Andrew Percy (Brigg and Goole) (Con): Not everything that the hon. Lady is saying is incorrect, and obviously the position with bus services is very difficult, but it is a question of choices. The hon. Lady should consider what has been done by North Lincolnshire’s Conservative-controlled council. When we took control, it was able to reinstate the No. 37 bus, which had been cut by the previous Labour authority, and extend its services to Wroot and to Crowle. Labour-run Goole Town Council decided to cut the workers’ bus services so that it could pay for a bonfire once a year. So it is about choices. When local authorities are innovative, they can do what we have done in North Lincolnshire, and expand services.

Lilian Greenwood: The hon. Gentleman should think about the powers that local authorities have to enable them to make effective choices on behalf of passengers, and that is what I intend to talk about.
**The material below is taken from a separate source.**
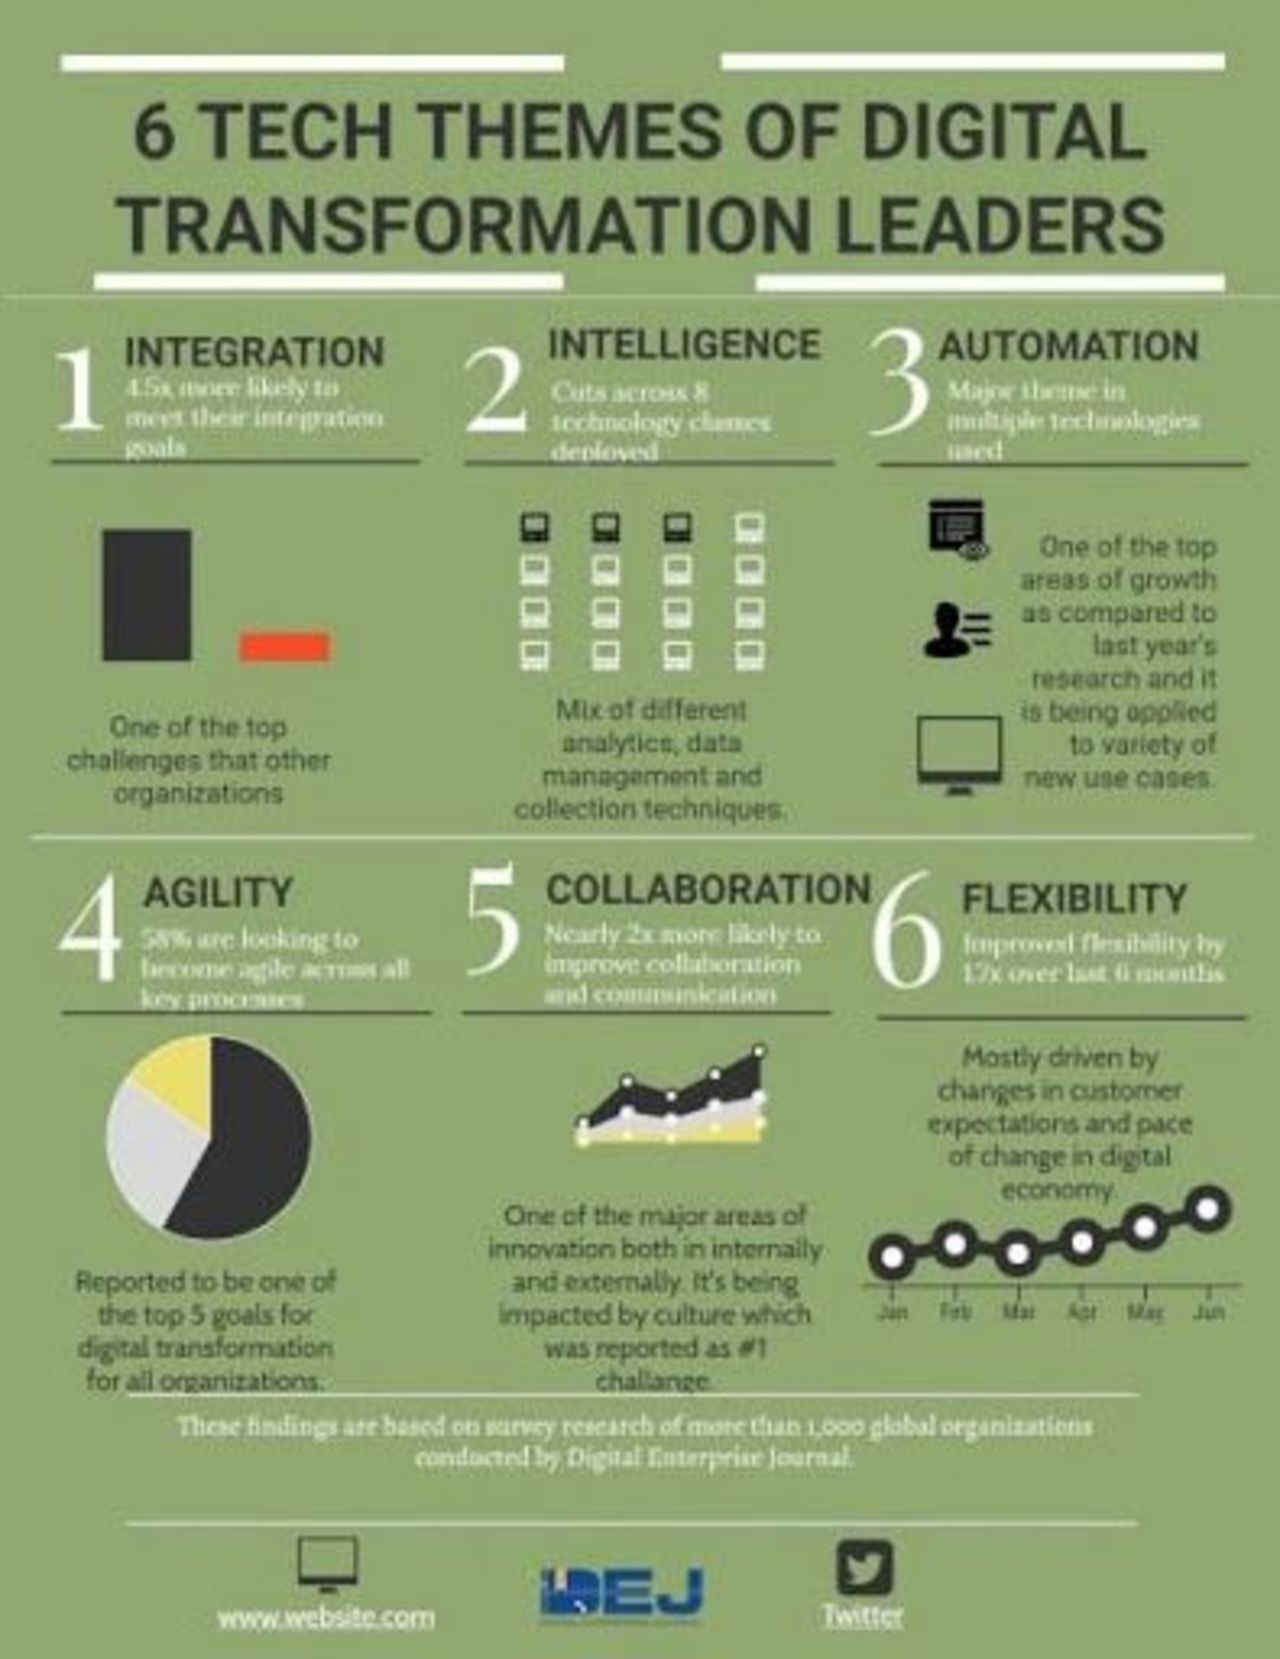 6 #Tech Themes Of #DigitalTransformation Leaders by @dej_io  #BigData #Digital #Technology #Innovation #Business #Influencer #IT Cc: @danielnewmanuv @samighazali @nodexl @williamstim @jamesmarland https://t.co/5T8pIeg7iy

While fares continue to rise and routes are cut, some of the biggest bus operators report profit margins of 13% or more on their operations outside London. What was the response of Conservative Ministers? For four years they ignored the calls for reform from Labour Members. I am proud of the fact that Labour has consistently championed the case for bus tendering, but Ministers rigged funding awards to exclude local authorities that pursued regulation, and, shamefully, they remained silent when councillors were subjected to appalling abuse and called “unreconstructed Stalinists” just because they were trying to deliver better services.

While the Treasury’s decision to accept the case for bus tendering is welcome in principle, as is the Transport Secretary’s Damascene conversion, we must question the sincerity of that commitment, and the test will come in the forthcoming buses Bill. Will the Bill make those powers available to all areas that want them, not just to authorities that have reached a devolution agreement? Will it contain measures to protect rural bus services, which are particularly important to those communities, and which have been hit by some of the highest fare rises in the country? Will it protect transport authorities from crippling compensation claims?
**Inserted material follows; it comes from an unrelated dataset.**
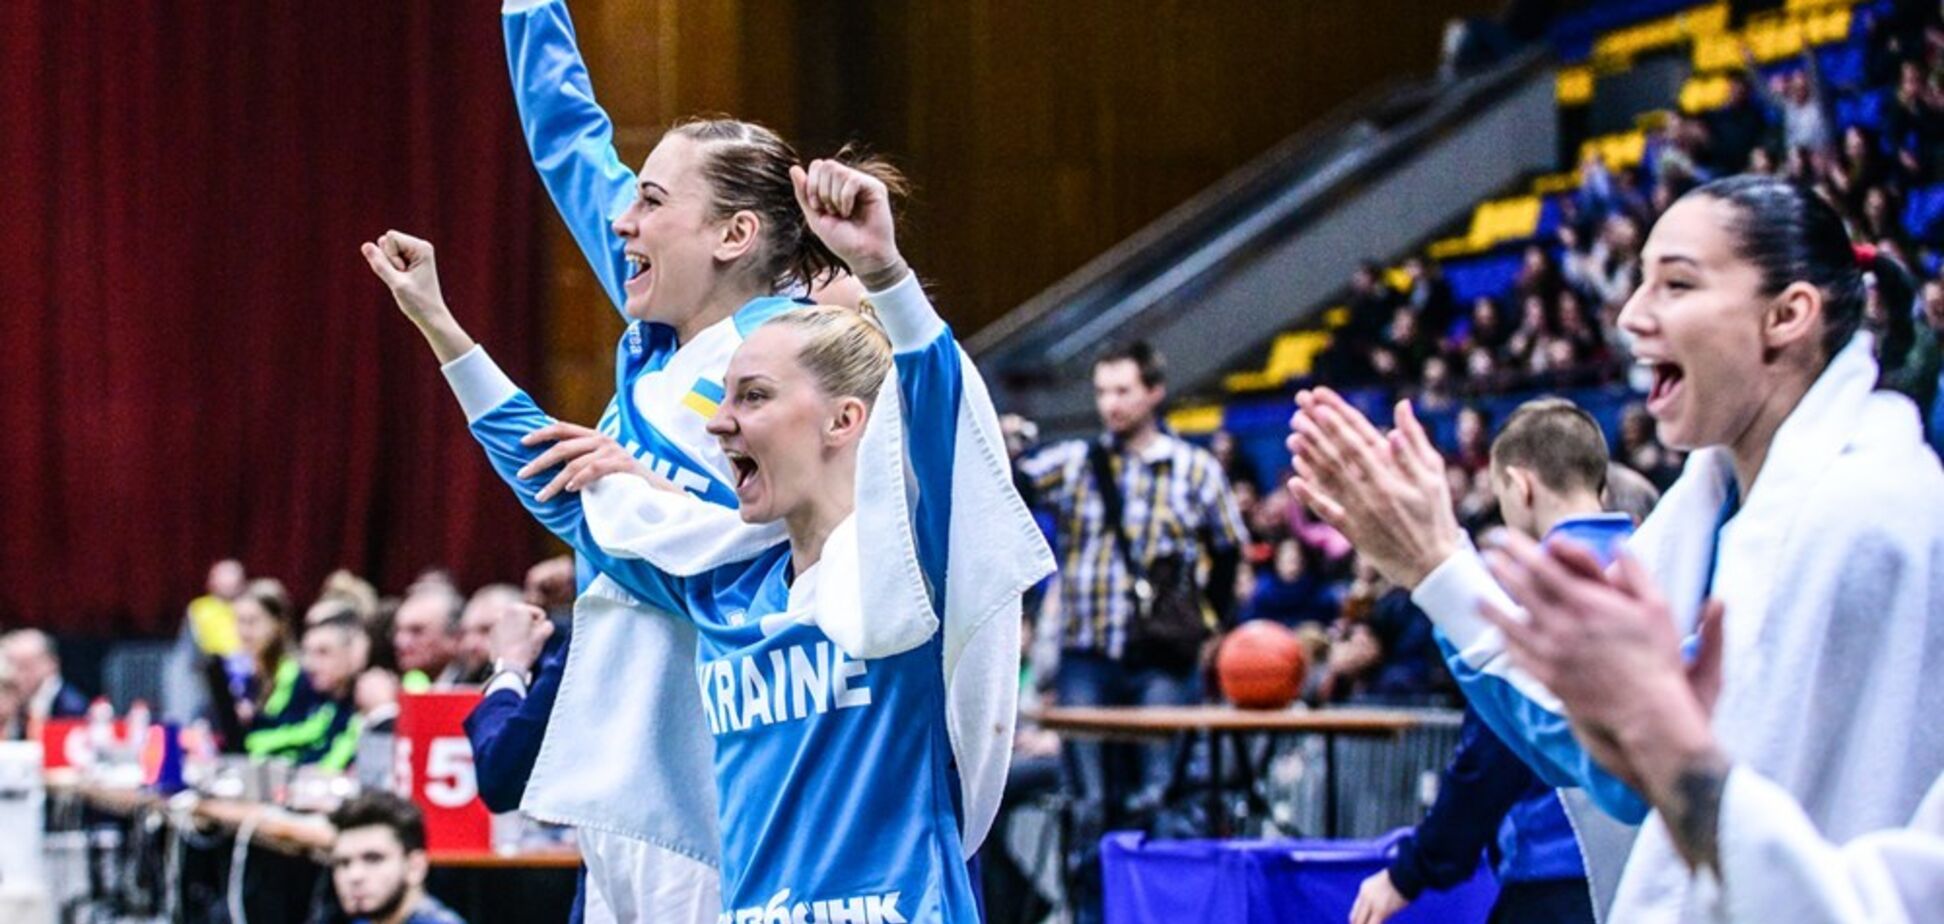 Жеребьевка женского Евробаскета-2019: стала известна корзина для Украины

The Nexus quality contract scheme boards said that the authorities should have set aside up to £226 million to compensate existing operators for the potential loss of business. If those payments were replicated in Greater Manchester, the Sheffield city region and the north-east, a key northern powerhouse commitment would never get on the road—not to mention the effects on Cornwall and other areas that have sought bus-tendering powers.

19 Jan 2016 : Column 1355

The bus market is costing too much and is not delivering for passengers, and we have seen the same trend on our railways. Commuters’ fares have gone up by a quarter since 2010, with season tickets costing up to £2,000 more. Ministers restored the loophole known as flex, which gave the train companies the right to vary prices by up to 5% a year, meaning that the cost of some season tickets has risen by up to 38%, and that evening fares in the north have been hiked by up to 162% at the direct insistence of the Department for Transport.

The Secretary of State for Transport (Mr Patrick McLoughlin): Will the hon. Lady remind the House how many years flex was not available when the last Labour Government were in office? Am I correct in thinking that it was just one year—the year of the election?
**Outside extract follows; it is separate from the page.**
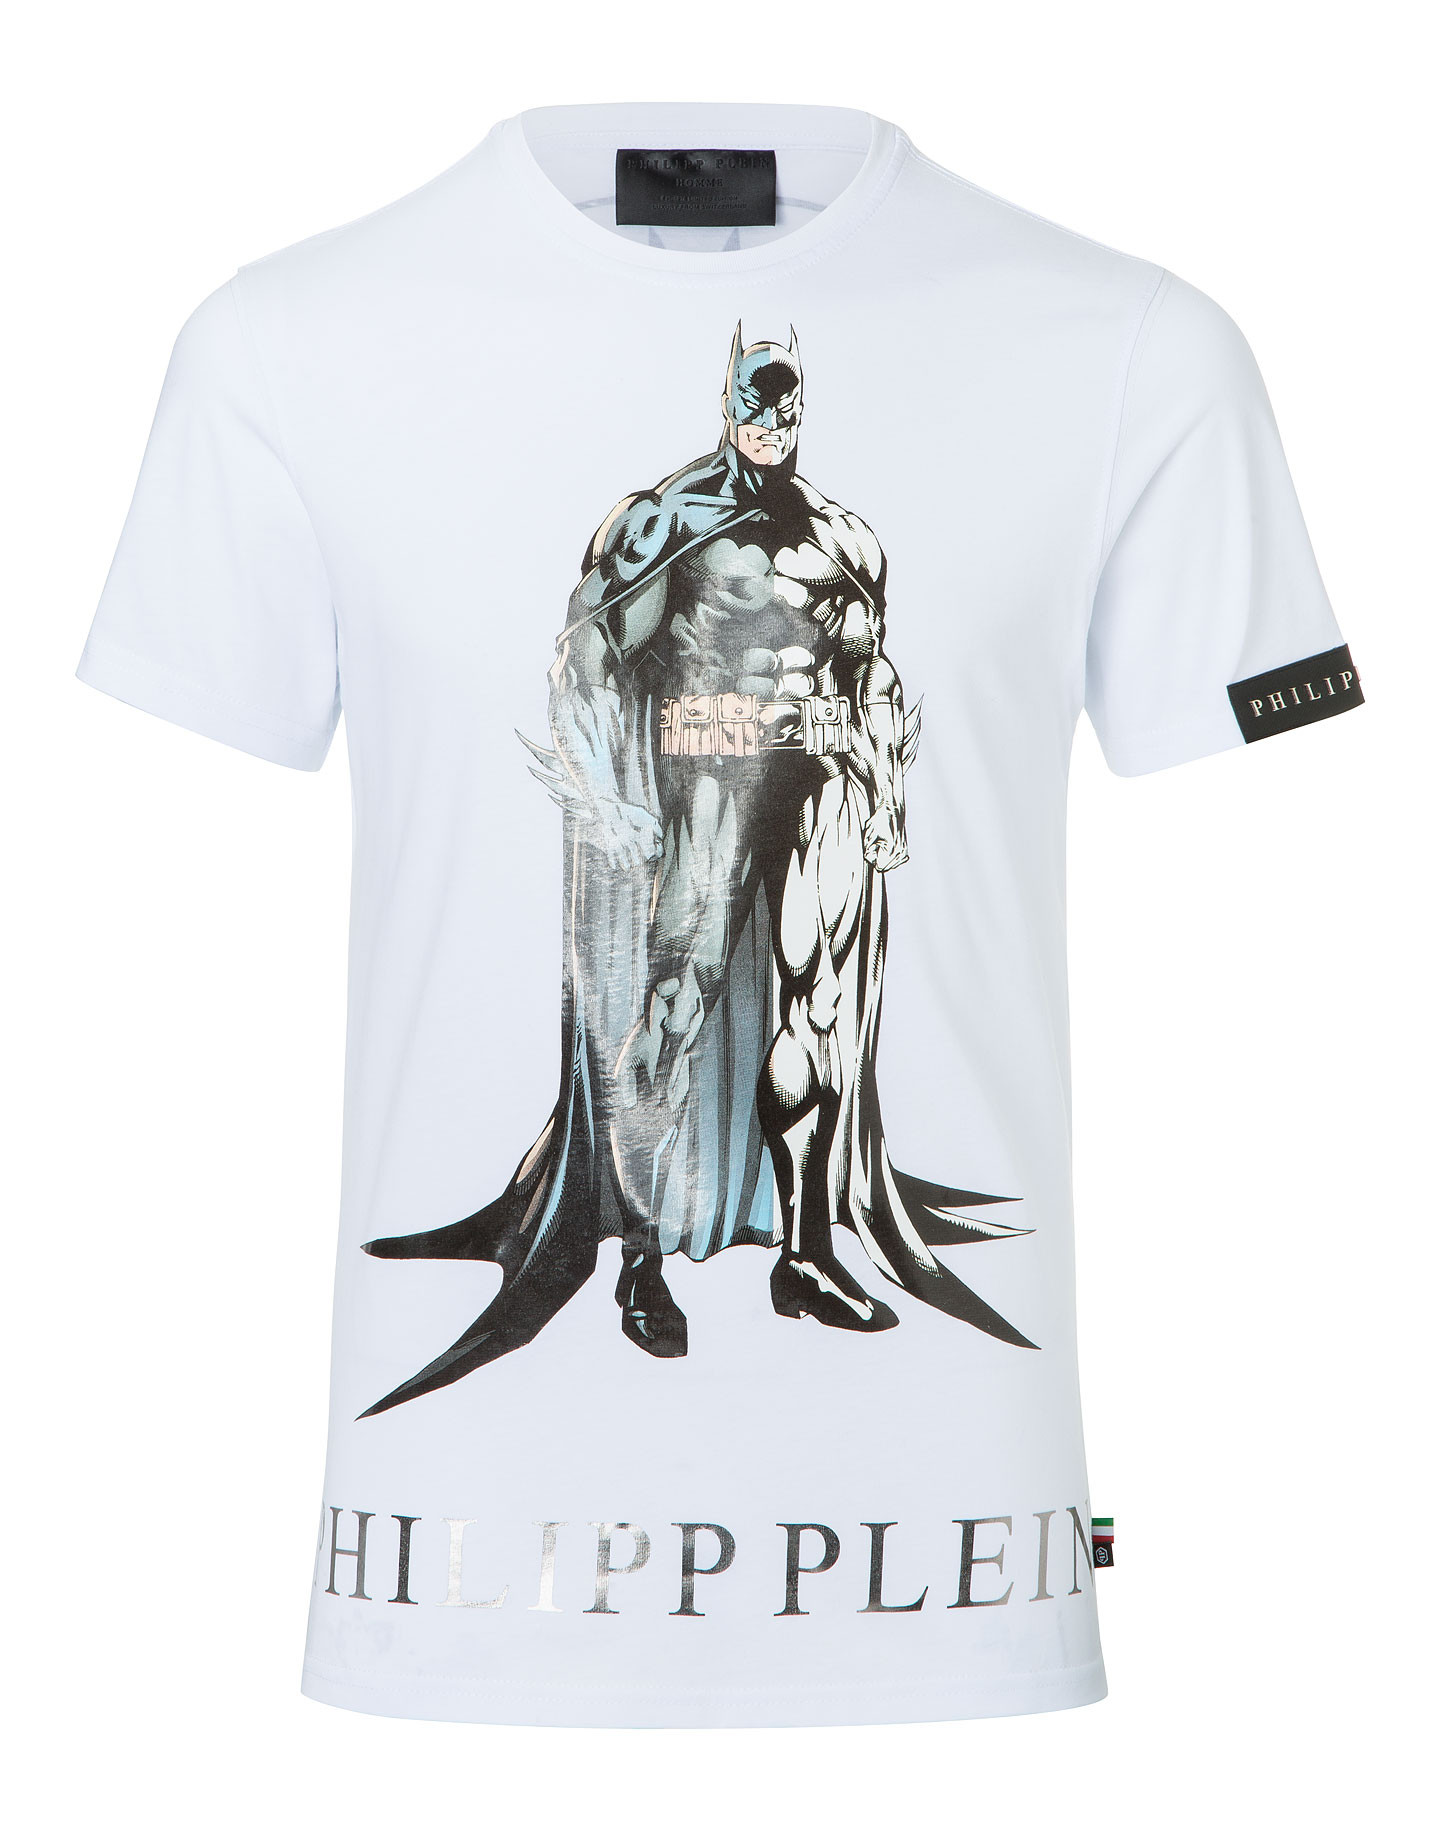 philipp plein t shirt batman

Lilian Greenwood: The Labour party scrapped flex permanently, and it was the Secretary of State’s Department that chose to reinstate it, as well he knows. It was only as a result of concerted pressure by Labour Members that this Government dropped it over the past two years.

As I was saying, evening fares in the north have been hiked by up to 162% at the Secretary of State’s direct insistence. The Department’s own McNulty review has warned that our fragmented railways have a ticketing system that

“is complex, often appears illogical and is hard for the uninitiated (and even the initiated) to understand.”

There is also an efficiency gap of up to 40% compared with the best performing European operators, which is wasting money that should be used to address the rising cost of travel and to fund investment.

At the last election we were promised part-time season tickets, and a pilot by Southern Railway found that they could save some commuters 50% of the cost of their travel. However, the smart ticketing programme that underpins the system is 78% over budget and delayed by three years, and there are rumours that it could be cancelled. Will the Secretary of State tell us today whether the south-east flexible ticketing programme is being dropped?

Ministers might claim that services are getting better for everyone, but I urge them to mind the gap between their rhetoric and reality. We all remember the Under-Secretary of State for Transport, the hon. Member for Devizes (Claire Perry) saying that rail passengers had to realise that they were paying

“fair fares for a comfortable commute”.

Stephen Hammond (Wimbledon) (Con): In the Corbyn land of rhetoric, the hon. Lady seems to have forgotten that fares went up by 11% in the last year of the Labour Government alone. It is this Government who have frozen regulated fares for three years. Will she acknowledge that fact and make sure that she puts the truth on the record?

Lilian Greenwood: If the hon. Gentleman looks at our record, he will see that rail fares increased only by the level of inflation or were actually cut in six of the 13 years that Labour was in power. Fares rose in some years, and that helped to fund investment. Under Labour,

19 Jan 2016 : Column 1356

there was more investment in rail in real terms than under any previous Government. Under this Government, that link has been broken.

The Transport Secretary said that only commuters were paying regulated fares, and that unregulated fares could be “quite cheap”. Those comments are a world away from the frustrations endured by passengers every day on Southern and Thameslink, some of which were described in the House today by my hon. Friend the Member for Streatham (Mr Umunna). They reflect an increasingly overcrowded and unreliable network.

In 2009, the Conservative party’s rail policy review stated:

“Fare rises come with tacit Government approval and are often the direct result of the franchise process”.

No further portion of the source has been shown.